Detailed description

Nurses have direct contact with patients 24 hours a day, so they are in an ideal position to prevent, detect, manage, and care for patients who have delirium. The identification of predisposing or precipitating variables must be a part of the nursing intervention in order to reduce the likelihood of delirium occurring. When possible, nurses can help identify at-risk individuals and lower risk. Although a regular nursing assessment and good observational skills combined with a strong therapeutic relationship can enable nurses to recognize sudden changes in attention or consciousness, which are typical indications of delirium.
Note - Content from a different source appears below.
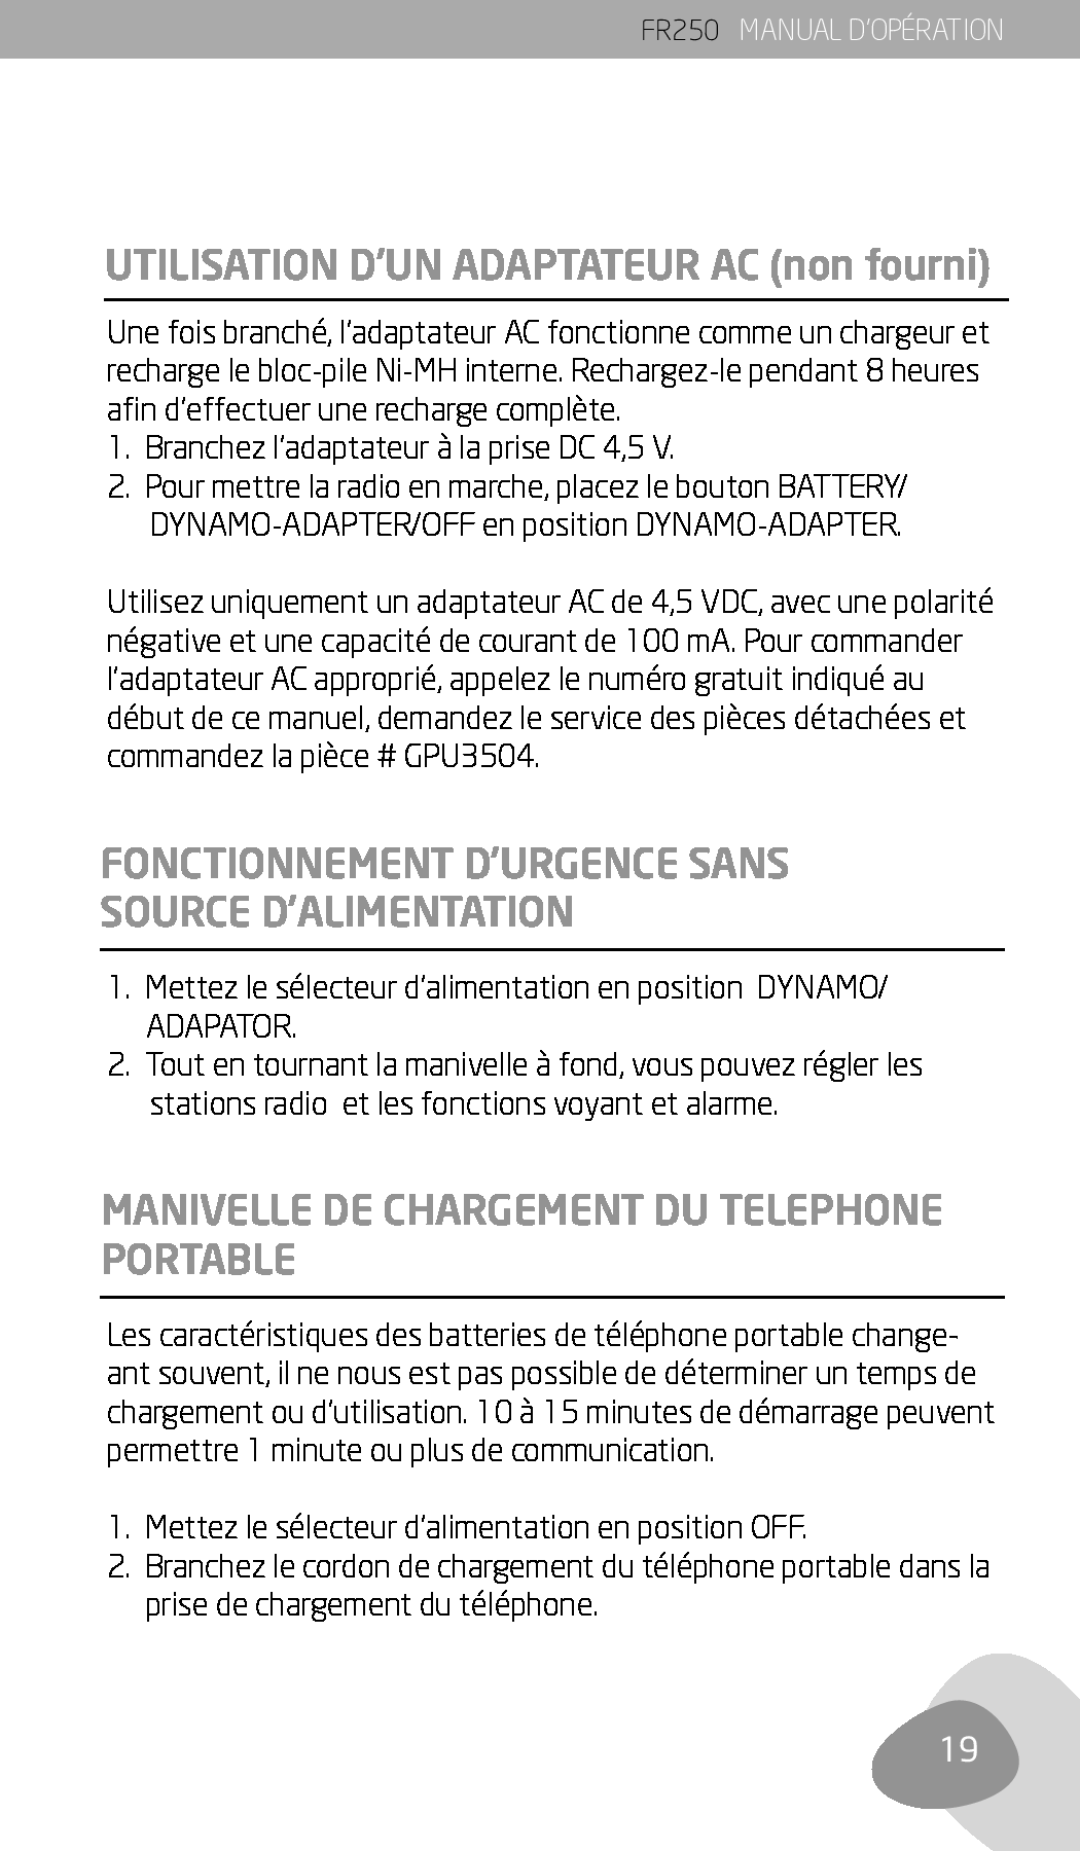 Eton FR250 owner manual UTILISATION D’UN ADAPTATEUR AC non fourni, Manivelle De Chargement Du Telephone Portable 
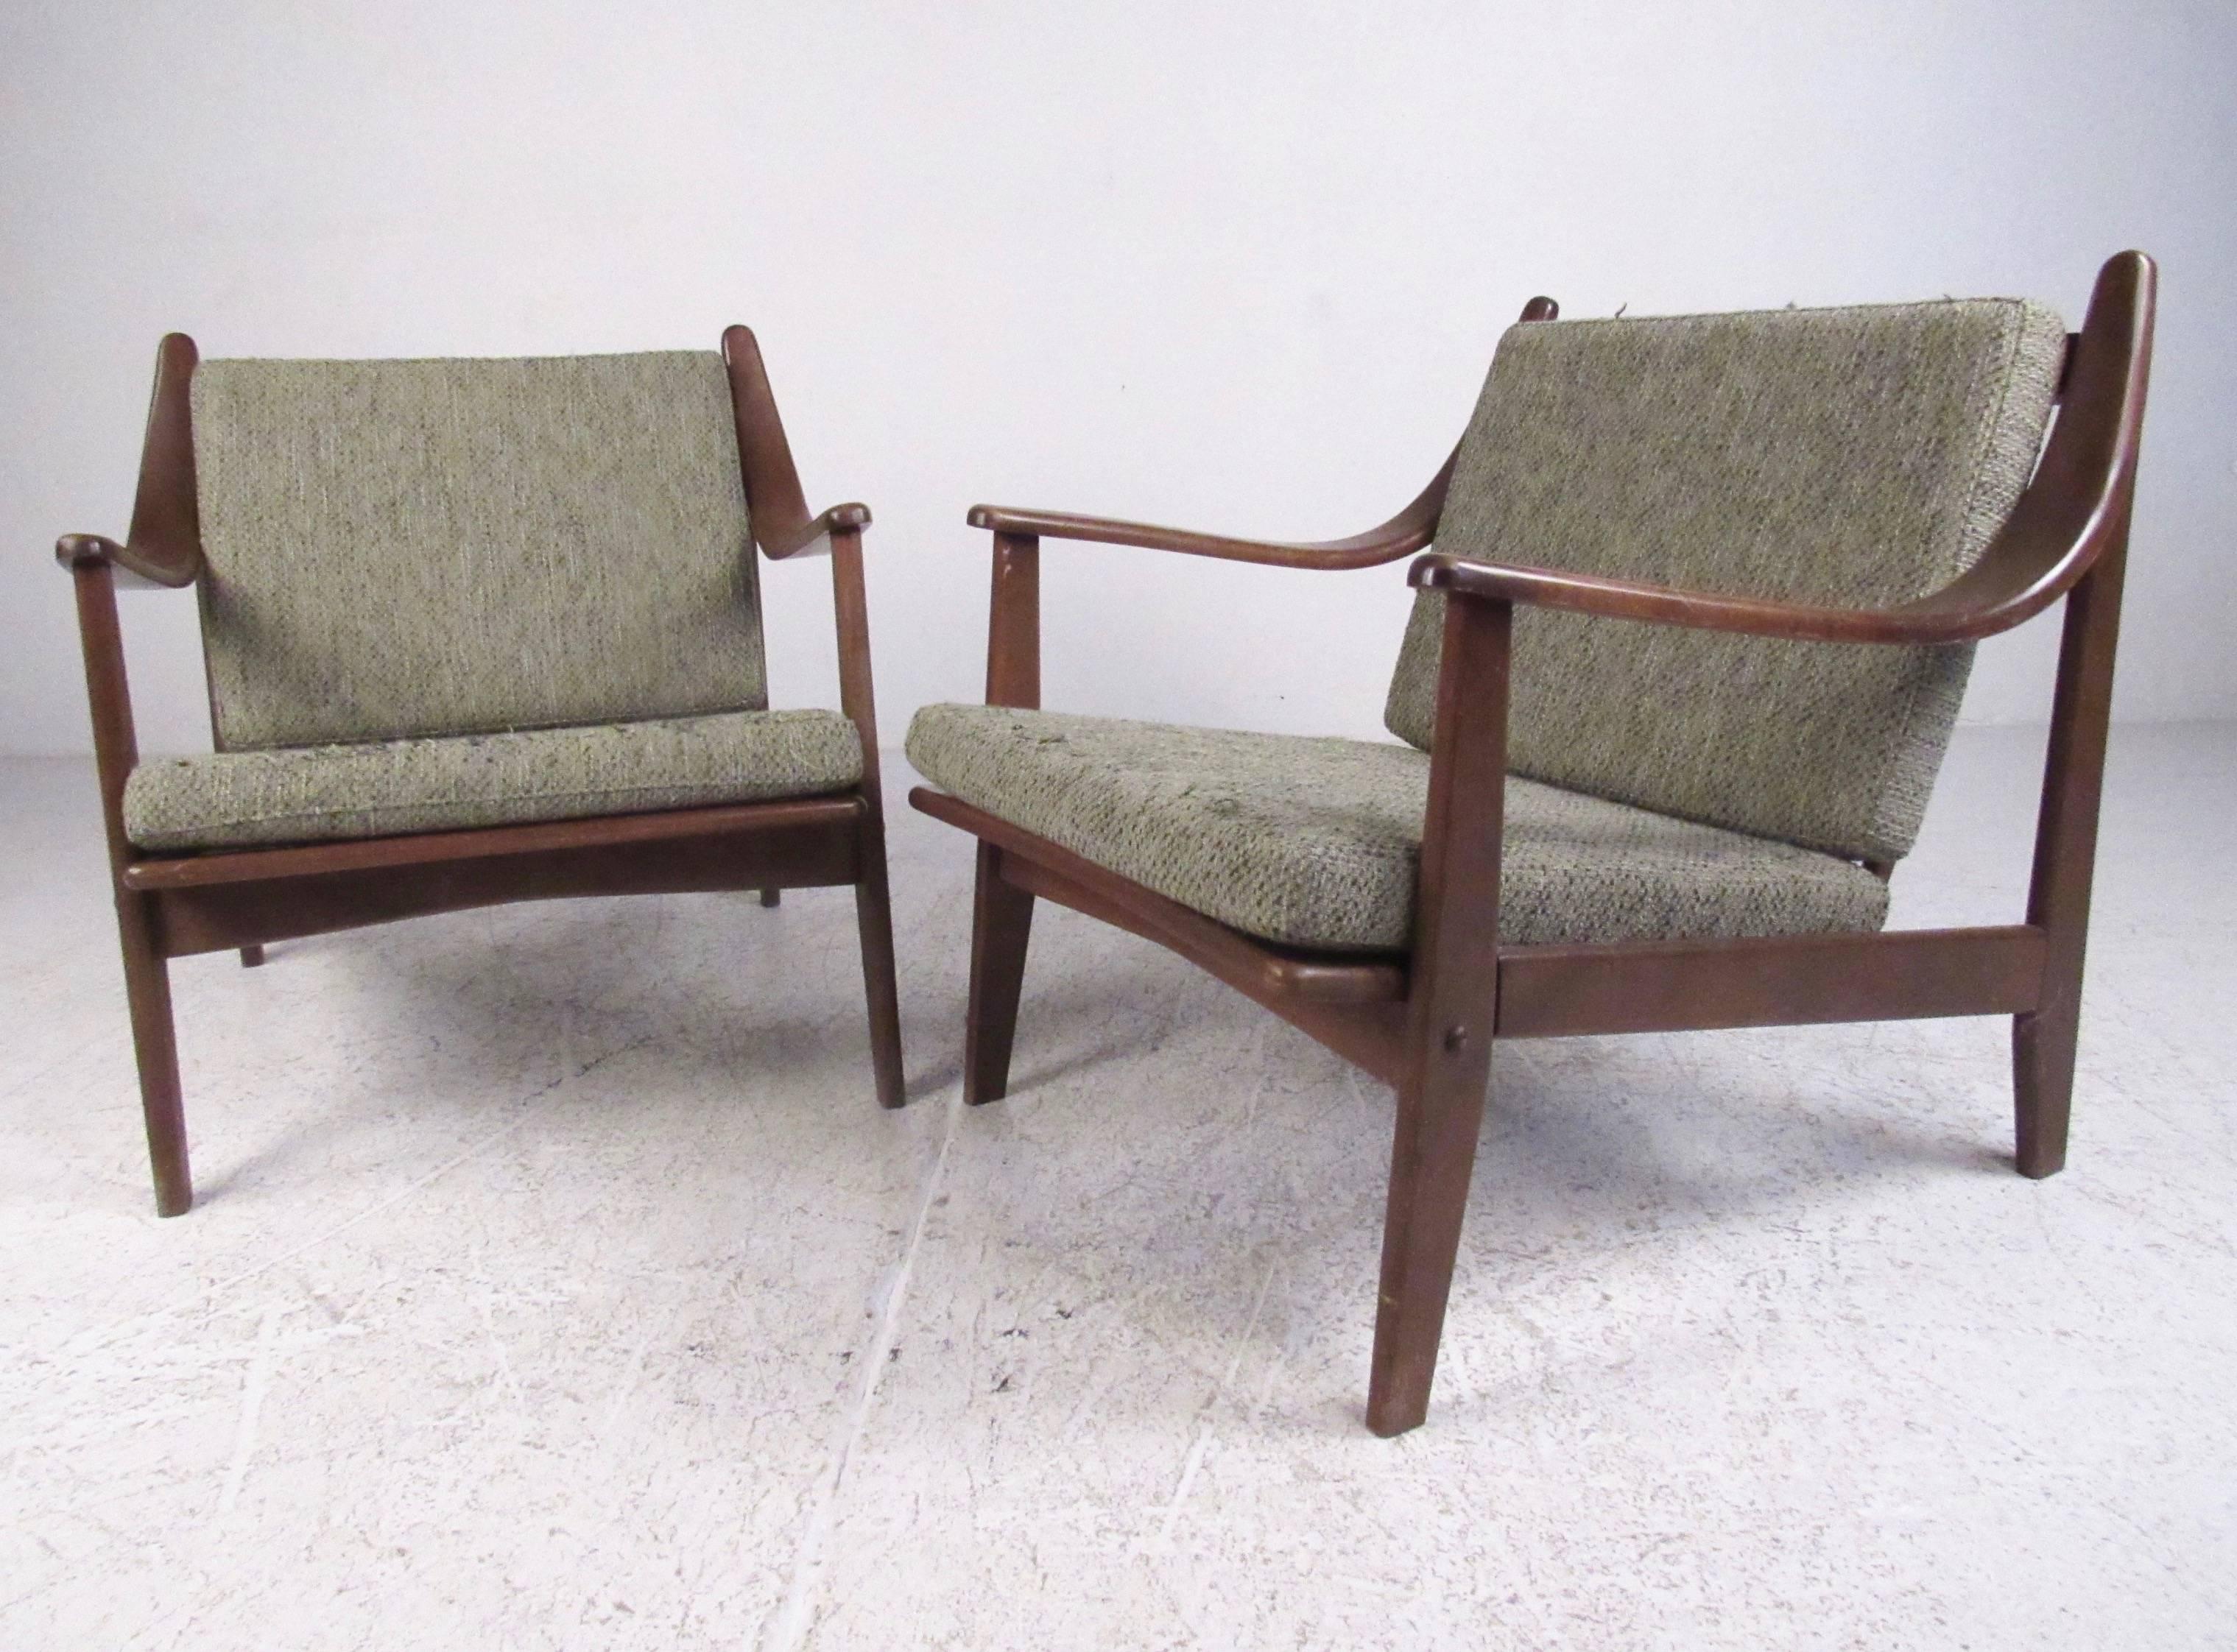 Cette paire élégante de chaises longues modernes du milieu du siècle présente une construction en noyer sculpté et un confortable rembourrage vintage. Les dossiers en forme d'épingle et les accoudoirs inclinés uniques ajoutent au style moderne

Although the effects of cognitive stimulation interventions have been extensively studied in the prevention of delirium for ICU patients, there are few studies have implemented to assess its effects when it is applied early within the first 24 hours from ICU admission worldwide, and up to our knowledge there are no national studies that have been conducted to assess early effects of such interventions on delirium in ICU. Therefore, this study will be conducted to evaluate the effect of early cognitive stimulation interventions on delirium in critically ill patients.

Conditions

Interventions

TypeNameDescription
OTHEREarly Cognitive Stimulation Interventionsearly cognitive stimulation interventions refer to multi-dimensions of stimulative evidenced-based interventions, which are done during the first 24 hours from patient admission to the ICU. They are designed to stimulate cognitive function domains that are impacted by delirium such as attention, registration, recall, and language.

Timeline

Start date
2023-11-20
Primary completion
2025-08-17
Completion
2025-09-10
First posted
2023-11-03
Last updated
2025-09-18

Locations

1 site across 1 country: Egypt

Source: ClinicalTrials.gov record NCT06115863. Inclusion in this directory is not an endorsement.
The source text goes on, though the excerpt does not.